Yesterday’s theme was Lollapalooza and Vampire Weekend. Today, the pitchforks are out for indie music, at least in Chicago’s Red Eye on the eve of the 2014 Pitchfork Music Festival.
Music criticism has a low bar to entry and is heavily reliant on adjectives (how often have you heard “warm,” “harsh,” “loud,” “ambient” or words in their respective families?), which means that most of it is opinion and little else. Historical knowledge – of the band and its influences, for example – can only go so far in pushing the critique about “I like it/don’t like it.”
The Red Eye writers, given a limited space, gave their duly opinionated but charming takes on their peceived can’t miss and must-miss acts at Pitchfork. It was nice to see slapdowns of The Field, Animal Collective, and especially Neutral Milk Hotel (“snore fest of a band”), artists all entered into the indie pantheon by Pitchfork writers of yesteryear.

After reading, I got back to my own mass production of keywords, today cutting and pasting from someone’s copy on hybrid cloud and polishing it as I saw fit. Which got me thinking:
- When I smooth-over someone else’s words, one of the biggest tasks is always removing all the first- and second-person pronouns. No, “I” don’t want “you” to talk to the audience about the need for orchestration and cloud management platforms. Yet, a lot of professional music criticism is written in similar style (“If you were around when Neutral Milk Hotel were a working band…”, went Pitchfork’s review of the band’s Box Set).
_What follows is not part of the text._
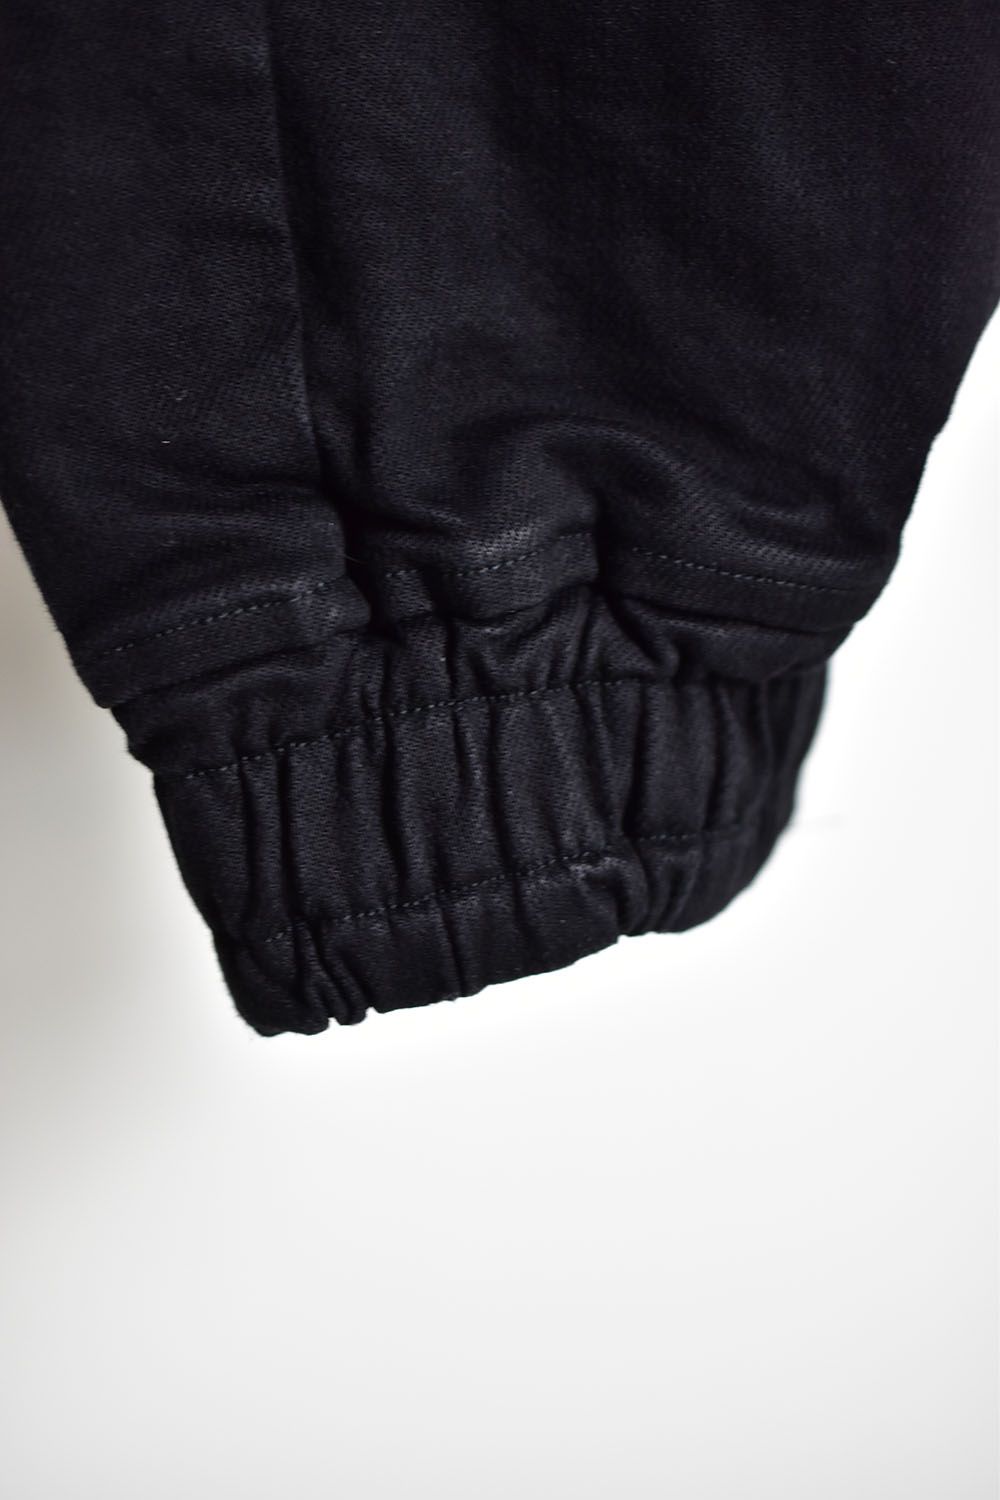 Sarouel Denim Pants"Black"/サルエルデニムパンツ"ブラック"

- However, even an opinionated and ungrounded argument – overuse of “I” and “you” is a frequent, but not absolute, sign of such – can be useful. It can bypass the grunt work of getting the audience on your wavelength – so much writing is just about using the right buzzwords and not, say, thinking that “orchestrating” is an acceptable synonym for “coordinating” when writing about IT. “I” and “you” are two such words for music criticism and, apparently, for some in-depth white papers trying to get CEOs to buy into specific tech.
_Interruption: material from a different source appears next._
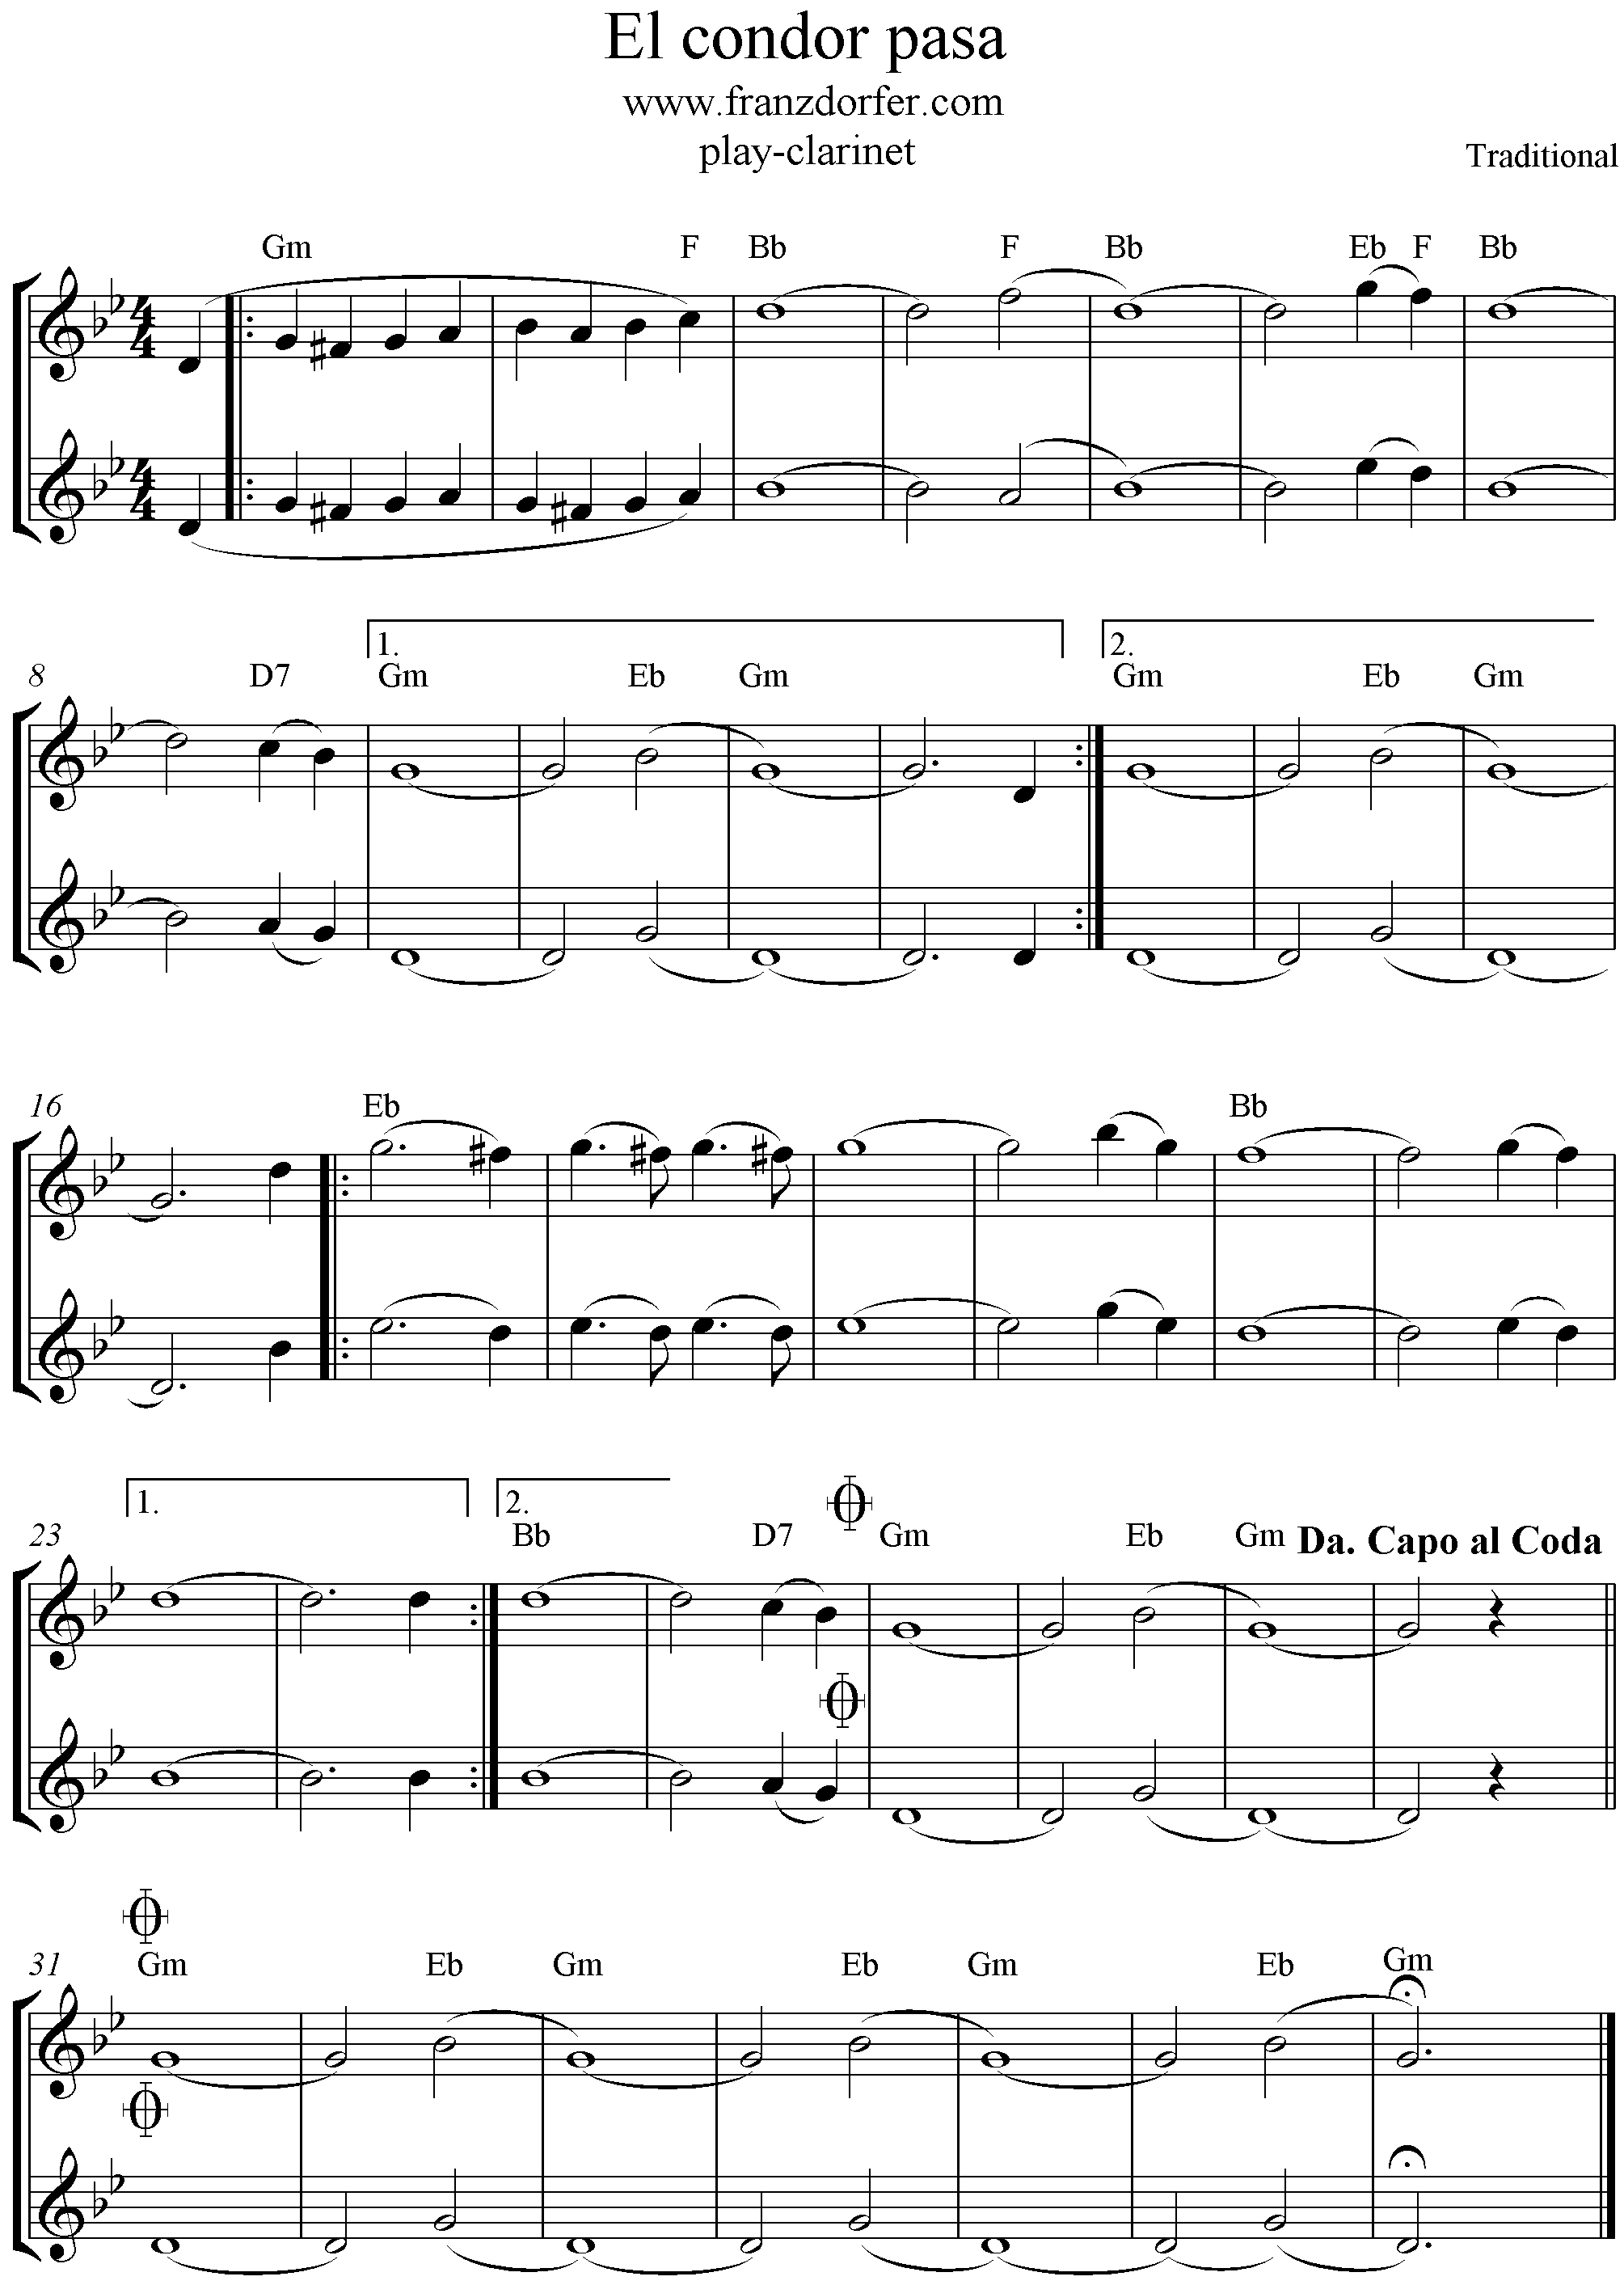 El Condor pasa, 2stimmig, g-moll, Clarinet

- Cut-and-paste has been a more common technique than I expected, since many of the clients I work with basically request it, or imply it by asking for a rewrite. It’s not easy to get the lifted text to align with words I created from whole cloth (strained metaphor, yep), but the process is so instructive – it parallels the challenge of writing in general, especially long form writing, of making sensible transitions and creating discernible story arcs.
I’m not going to Pitchfork this year. But I think that
“It’s the kind of sentiment that teenagers who feel assaulted by their surroundings will continue to discover, and its wide-eyed and wounded view of the world goes a long way toward explaining why they keep returning to this songwriter. Despite its vague and decidedly lo-fi profile… [it] also has its share of experimentation.”
could be a useful paragraph to cut, paste, and rewrite for my future music criticism: Ssufficiently generic, but a fleshy body with the bones of promise, all the same.